# Gigavac GV200QA humming, buzzing noise



## asymptonic (Oct 14, 2021)

Presumably the difference is in the PWM. In the Q models it's provided externally by the inverter. In the M models it's done in the contactor. I'm guessing Gigavac tuned the PWM in the M model for efficiency. Maybe worth emailing Gigavac to ask for more ideal settings?


----------



## asymptonic (Oct 14, 2021)

The spec sheet references this application note which may help.


----------



## balex97 (Nov 25, 2021)

Thanks for the application note, will give it a try.
Also try to contact Gigavac in Germany and US (they have closed due to Thanksgiving so have to wait till next week)


----------



## cricketo (Oct 4, 2018)

You could try adding a capacitor for filtering that noise out. Just mind the polarity if it's an electrolytic one.


----------



## remy_martian (Feb 4, 2019)

Just like a music box mechanism, if you have the contactor sitting on a large piece of metal, it could act as a mechanical amplifier. You may want to revise how you have your contactor mounted as another approach.

Another method is to crank the PWM up to 14kHz...that way it only drives kids nuts with the sound 😂


----------



## balex97 (Nov 25, 2021)

remy_martian said:


> Just like a music box mechanism, if you have the contactor sitting on a large piece of metal, it could act as a mechanical amplifier. You may want to revise how you have your contactor mounted as another approach.
> 
> Another method is to crank the PWM up to 14kHz...that way it only drives kids nuts with the sound 😂


Also considered that.
But that's not the case, since I mounted this one on a wood plate and I also tested it on a aluminum plate before - same noise.
So it definetely comes from the contactor itself. It's mounted properly, the bolts are tight so no vibrations or other things from that.

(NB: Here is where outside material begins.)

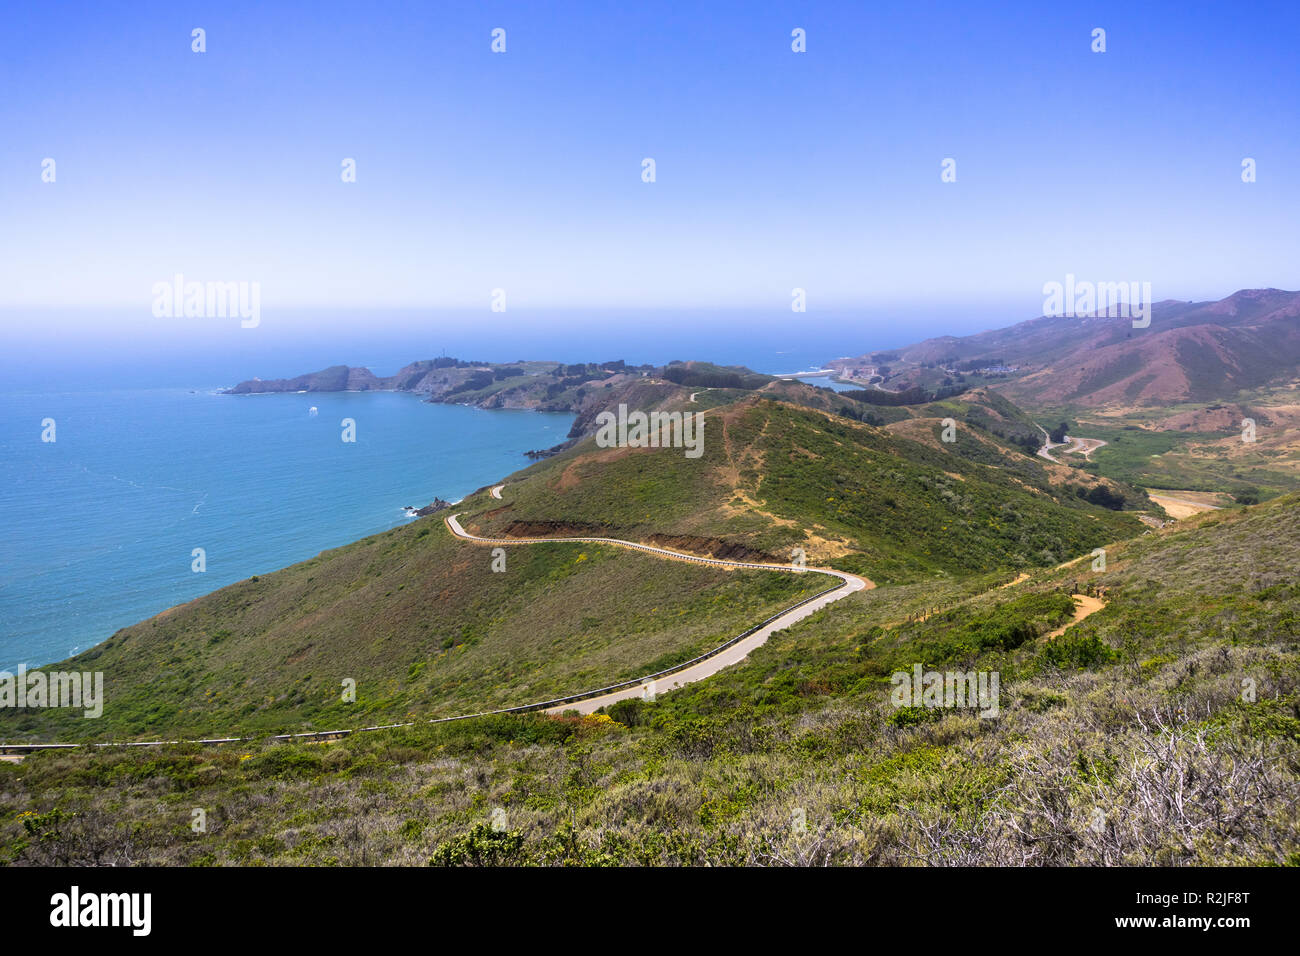 Vue magnifique sur les vertes collines de Marin Headlands traversé par une route sinueuse ; le littoral de l'océan Pacifique à l'arrière-plan ; San Francisco bay Banque D'Images

Tried to rise the PWM but it stops at 1000Hz. So no chance to blow the kids ears


----------



## remy_martian (Feb 4, 2019)

Mounting it tight couples it to the mounting plate. Does it make the same level of sound while dangling in the air? 

Are you mounting it dead center on the plate?


----------



## balex97 (Nov 25, 2021)

So today I called the German support and he refered me to the application notes. He didn't remember any case of humming contactors either and said it shouldn't be normal.
So I'm waiting for the US support to answer.



remy_martian said:


> Mounting it tight couples it to the mounting plate. Does it make the same level of sound while dangling in the air?
> 
> Are you mounting it dead center on the plate?


Tried it today. So I dismounted it and tested - the noise gets quieter. So the wooden plate definately amplifies the noise but it's still there.
I made a short video to demonstrate: contactor video


----------



## cricketo (Oct 4, 2018)

Seriously, try adding a capacitor. Connect it in parallel with the coil - it will absorb the pulses. Just make sure it's rated for the same (or above) voltage as the coil, and mind the polarity.


----------



## remy_martian (Feb 4, 2019)

Yup...that's giant mosquito annoying 😂


----------



## balex97 (Nov 25, 2021)

So I got an answer from the US support today.
He said that the GV200QA is normally driven with 25kHz so people can't hear it.
With 430Hz is way too low and the sound is the contactor opening and closing at this speed. 
But the maximum frequency I can put in my settings is 1kHz. 
I don't know why and I also can't understand why nobody else has this problem because it's an extremly spreaded kit for electric car conversions.


cricketo said:


> Seriously, try adding a capacitor. Connect it in parallel with the coil - it will absorb the pulses. Just make sure it's rated for the same (or above) voltage as the coil, and mind the polarity.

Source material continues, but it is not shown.